With the lower noise design of the NX-series AFM, precise measurement data on large samples became a reality, and Park then moved successfully into the semiconductor industry.
Park Systems' current goal in pioneering the user interface for AFM automation is to ensure that the FX product line will facilitate the next generation of AFM solutions for applications that have traditionally been supported by long-established microscopy industries such as electron and optical. As with the XE-series and the NX-series that preceded it, the FX-series has ambitious goals to make the Park AFM the technology of choice for applications previously dominated by other measurement technologies.
Figure 1. From XE to FX: Park Systems AFM product line has undergone a major renewal every decade. Image Credit: Park Systems
Is AFM Easy to Use?
The primary objective of AFM is to simultaneously measure three dimensional surface topography and other physical properties, both reliably and repeatably, with sub-nanometer resolution. Sample preparation is nominal, if required at all, and the cost of ownership is much lower than related techniques.
Therefore, AFMs are now considered indispensable tools in industrial and research applications. Large-scale acceptance of AFM, however, was initially restrained by complex operational knowledge that was often required of new users before they were comfortable with operating the AFM and trusted the data they obtained.
Although commercial AFMs have improved over time, AFM is still hard to learn and operate for many new users with no previous experience.
Historically, sometimes tedious researcher setup and manual input were required for AFM operation. Before acquiring any AFM data, a user must choose an appropriate probe, mount it (often using tweezers), and then manually align the optical detection system and viewing optics.
Following these steps, a sample must be loaded, typically with one or more areas selected for imaging and analysis. The user must then select an imaging mode, tune the system, and carefully bring the tip into feedback before proceeding to image the sample surface.
To acquire valid surface information, the user must make several adjustments to ensure that the AFM properly tracks the sample surface. These potentially complex procedures have inhibited AFM from going mainstream as it usually requires someone with great experience to obtain good, reproducible data.
Improved user convenience and better or enhanced performance are two differentiating factors targeted to separate the new FX-series from other systems. Improved user convenience is achieved by making primary operational steps motorized and automated. Better performance, on the other hand, indicates improved specifications and additional (or new) capabilities a tool may posess that provides a justifiable benefit to the user.
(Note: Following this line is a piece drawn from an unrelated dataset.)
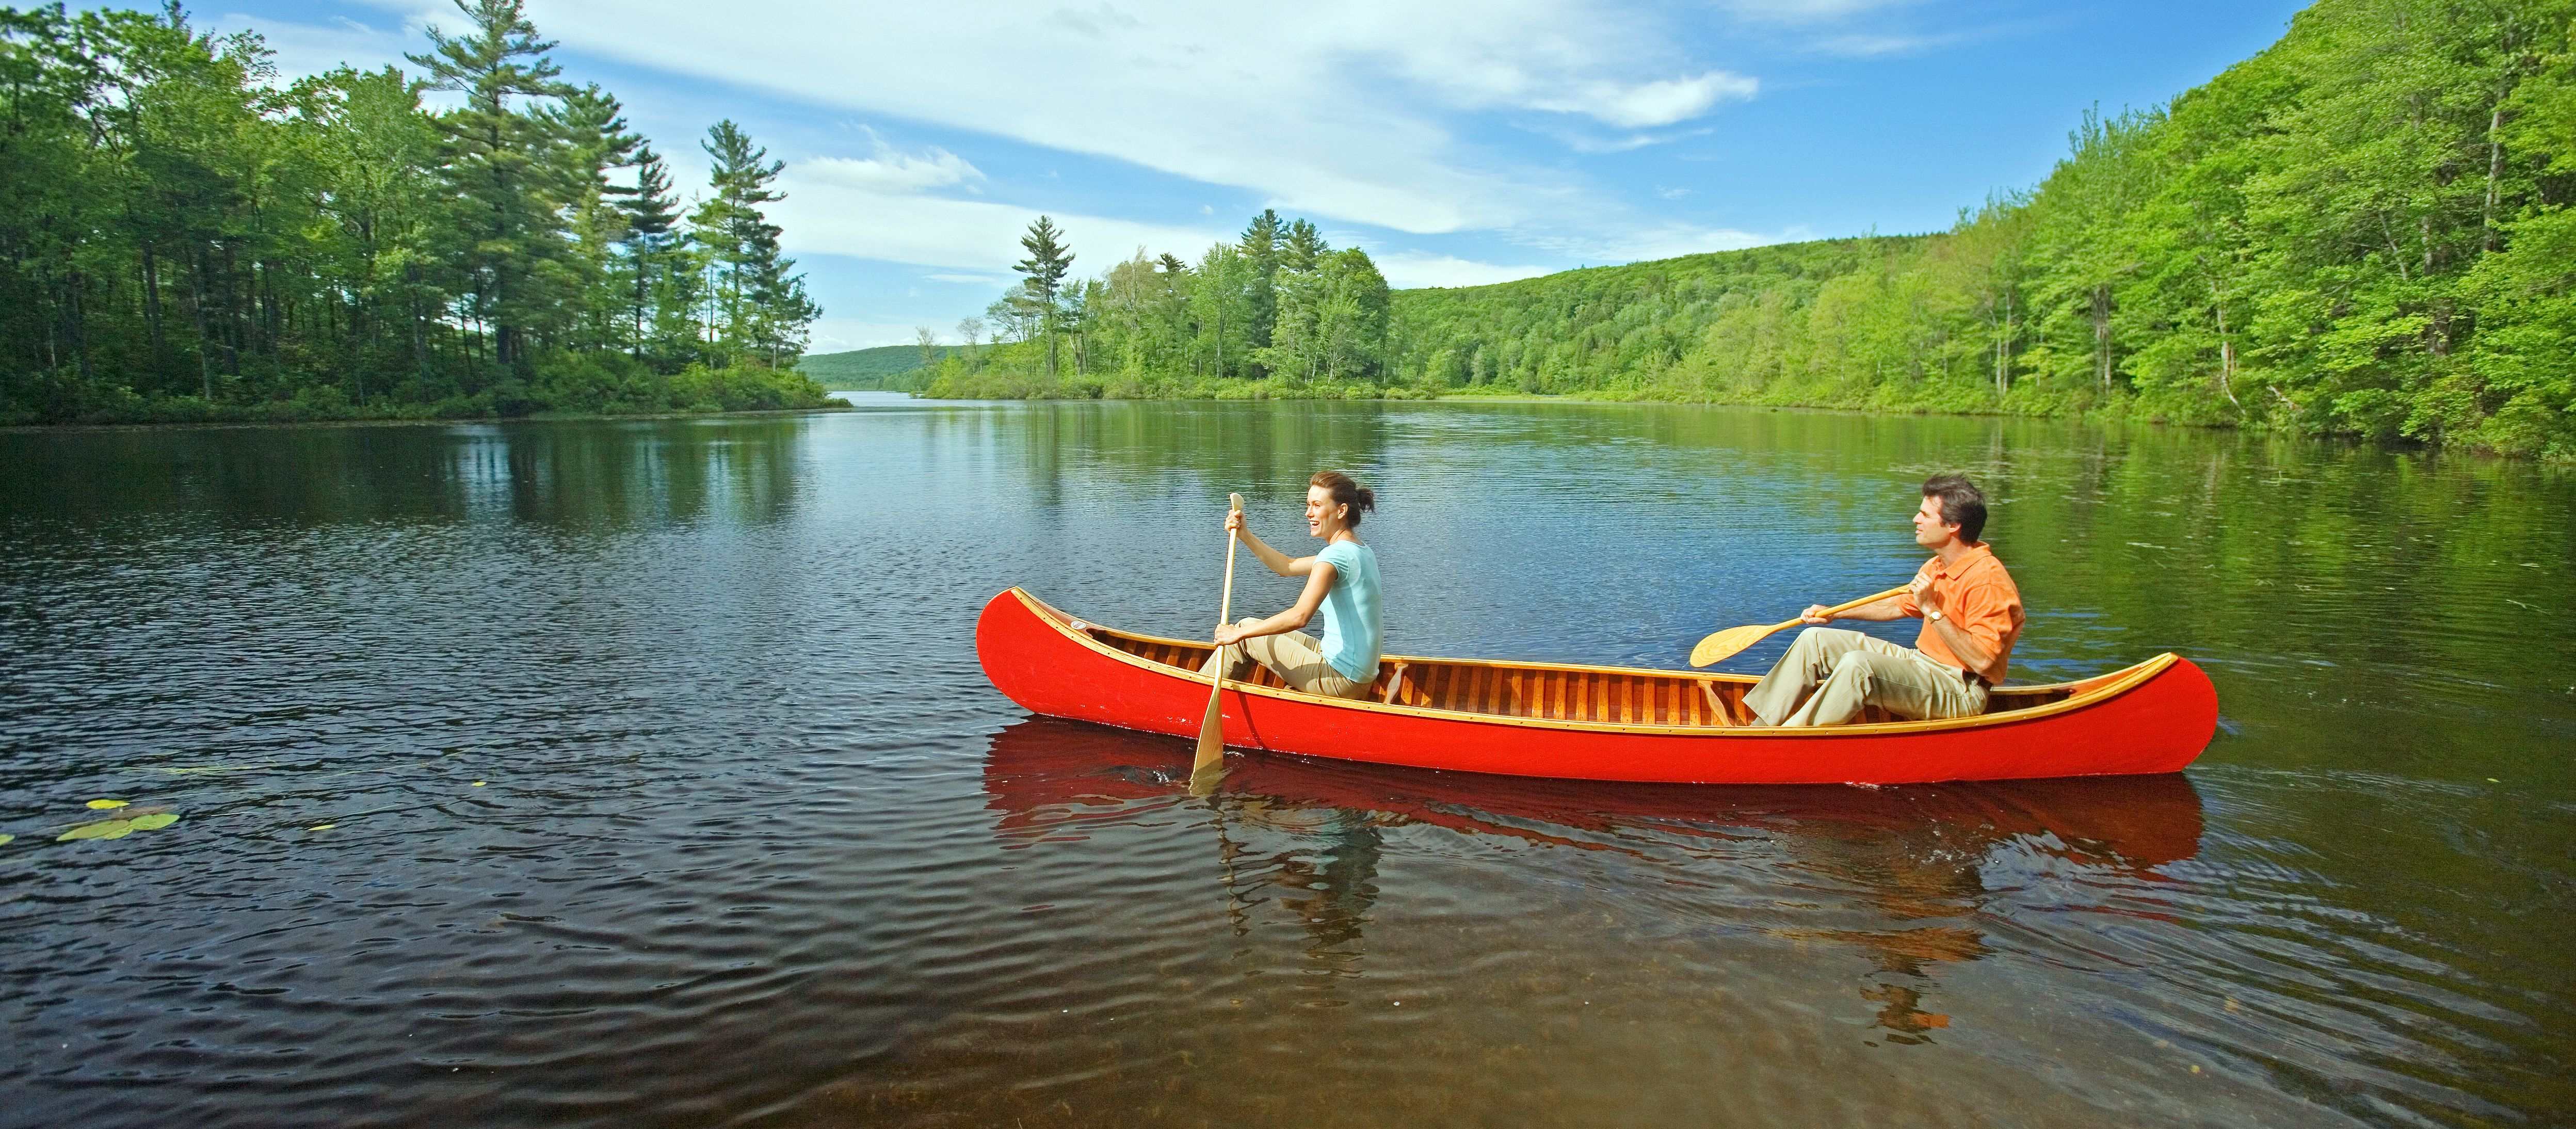 Kanutour auf dem Wood Creek Pond

While AFM manufacturers are competing on scan speed, resolution, or even lattice imaging, Park finds automation to be the request coming from the AFM community that has the greatest potential to disrupt and expand the market.
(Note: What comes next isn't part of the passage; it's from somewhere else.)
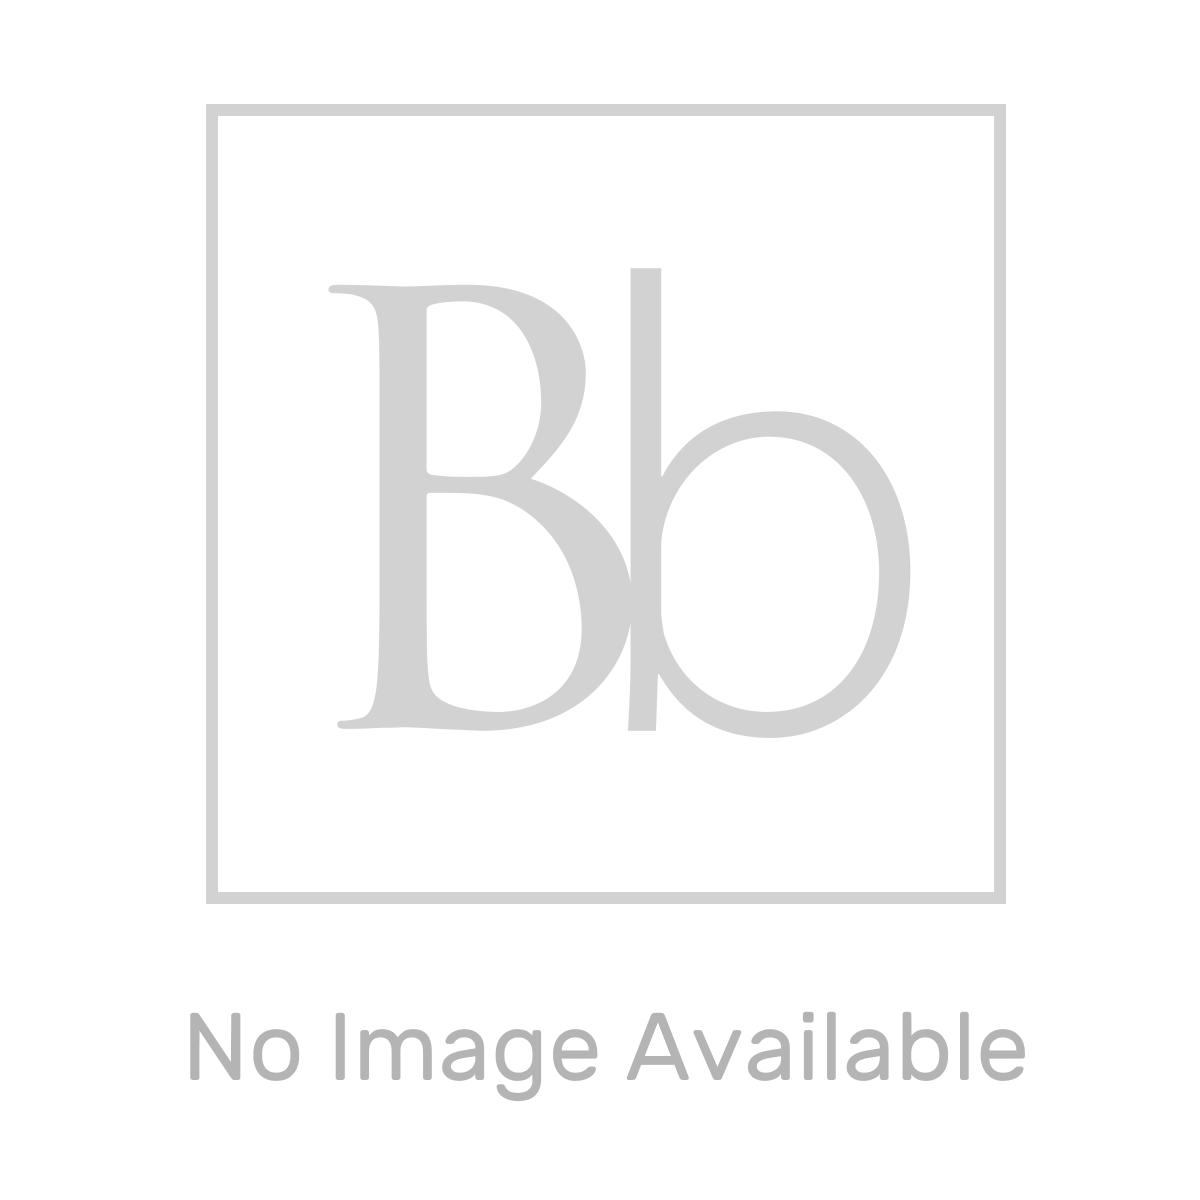 RAK Waterless Urinal System Replacement Valves

Figure 2. How Park will contribute to market needs of the AFM industry. Automation is a major central theme in Park’s R&D efforts, followed by system performance or resolution. Other agenda items such as lattice imaging and scan speed are considered for specific sample and measurement needs. Image Credit: Park Systems
FX: "The Dream Machine Project"
The Park FX40 AFM was the dream machine project with the objective of designing and producing an AFM that optimizes user convenience while introducing new features and enhancing performance.
From the initial stage of product design, user convenience enhancements were to include the full automation of probe exchange, beam alignment, and sample positioning. Performance-wise; system noise floor, servo performance, and optical vision were to be improved upon from the previous generation system.
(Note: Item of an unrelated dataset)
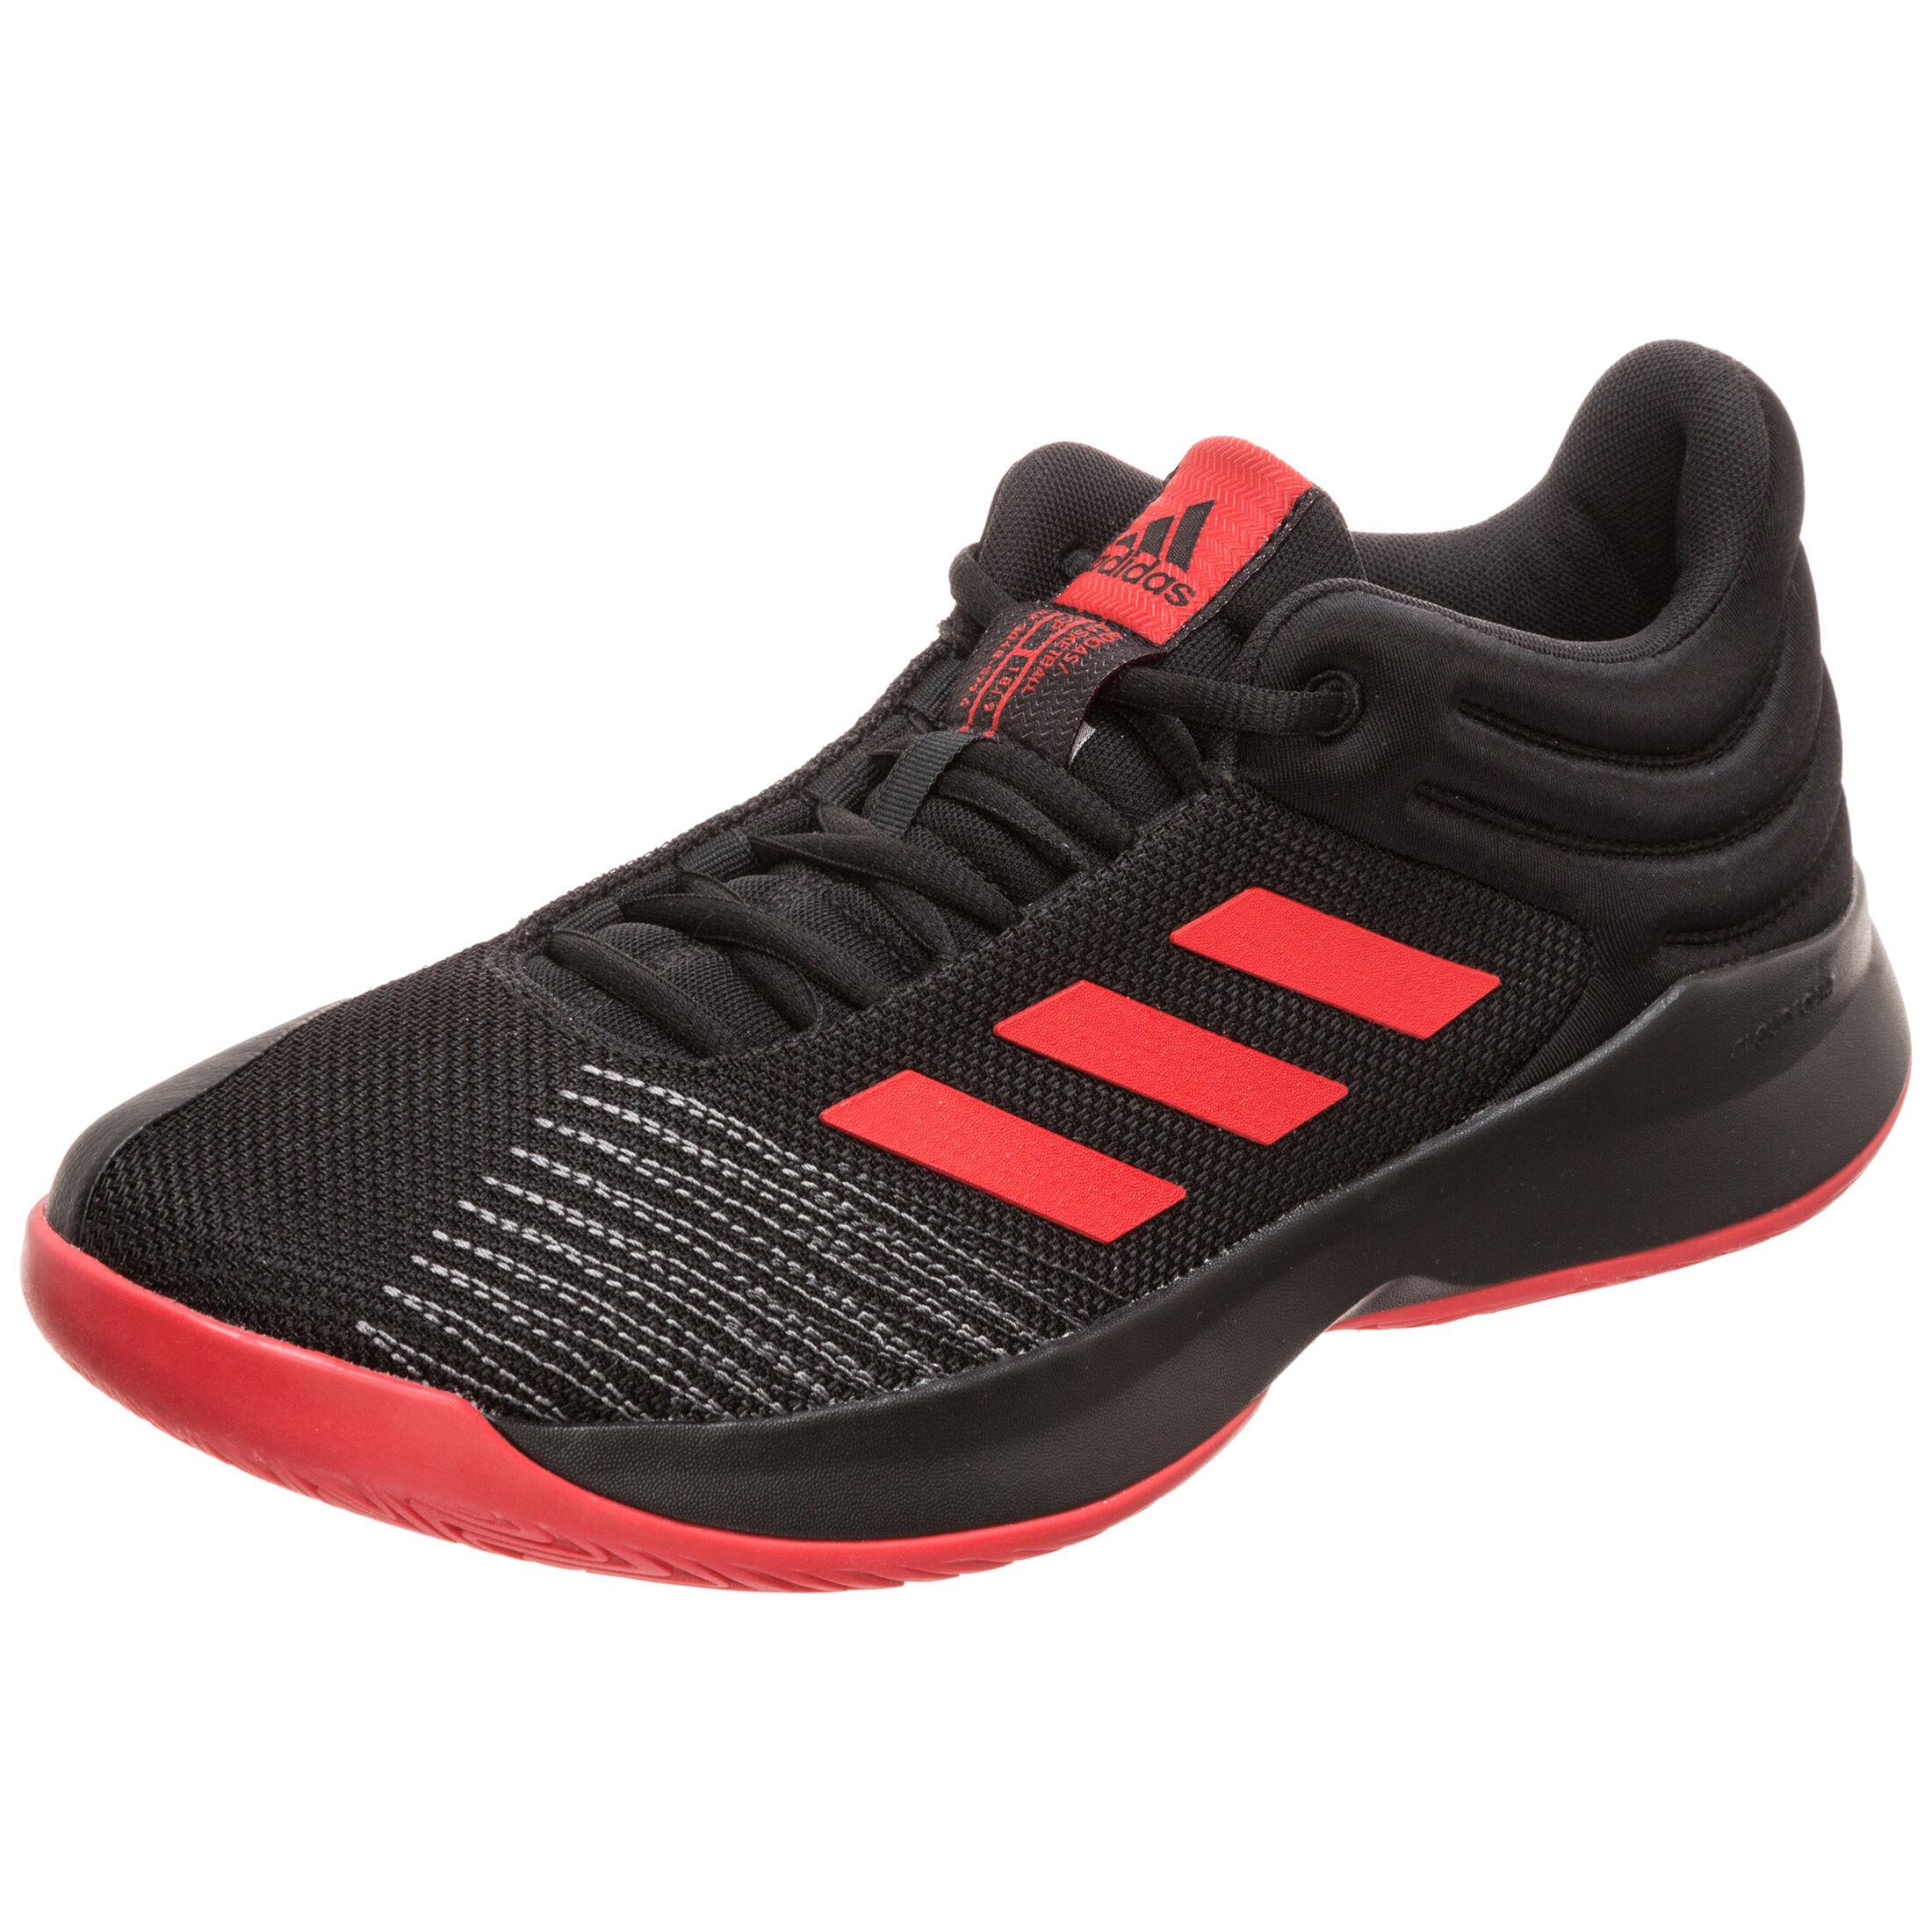 Outfitter Bei Adidas Kaufen Basketballschuhe PerformanceBasketball nOvwP0Nym8

The development of the Park FX40 built upon the experience acquired using crosstalk elimination technology on the previous generations of Park AFMs.1 The Park Systems' trademark is the use of two dedicated, completely independent flexure scanners, one for sample (XY) and the other for probe (Z) movement. By implementing this scanner design, the raw out-of-plane-motion (OPM) prior to image correction is less than 2nm over an 80µm scan range, facilitating precise measurements from raw sample data and negating the need for software levelling corrections that render measurements less reliable.
The FX-series' general design is based on the robust, mechanical design that proved successful in both the NX- and XE-series. The Optical Microscope Assembly of the Park FX40 is fixed in the system’s center. The AFM head is located along the center axis of the Optical Microscope Assembly and moves with the Z stage. The sample chuck and the XY scanner on the XY stage are located directly beneath the AFM head.
Figure 3. Front view of the Park FX40. The view on the right reveals some major components normally hidden by the microscope housing. Image Credit: Park Systems
The Optical Microscope Assembly is fixed to the focus stage and can move vertically. In contrast to the existing NX-series AFM system, the focus stage is not fixed to the Z stage but separately rides on an optics stage. Such an arrangement limits the weight on the Z stage, making the system more stable and immune to external vibrations.
Combined with a more robust Z stage, built on a high stiffness cross-roller guide and two bearing blocks, the Park FX40 accomplishes a lower mechanical noise floor than the previous NX-series and XE-series AFM systems.
Furthermore, the optics stage moves the optical microscope assembly in the XY plane, a design consideration crucial for AFM automation.
Figure 4. The Optical Microscope Assembly is decoupled from the moving plate of the Z stage, reducing the total Z-stage mass. A fiber coupled SLD is attached to the Optical Microscope Assembly. The SLD beam is focused through the objective lens and always fixed at the center of the optical view. Image Credit: Park Systems
The main elements of the Optical Microscope Assembly are equivalent to prior XE- and NX- generations and include an objective lens, tube lens, camera, and LED light source for optical vision. The main difference is a fiber-coupled super-luminescent diode (SLD) is located on the side port of the FX- Optical Microscope Assembly.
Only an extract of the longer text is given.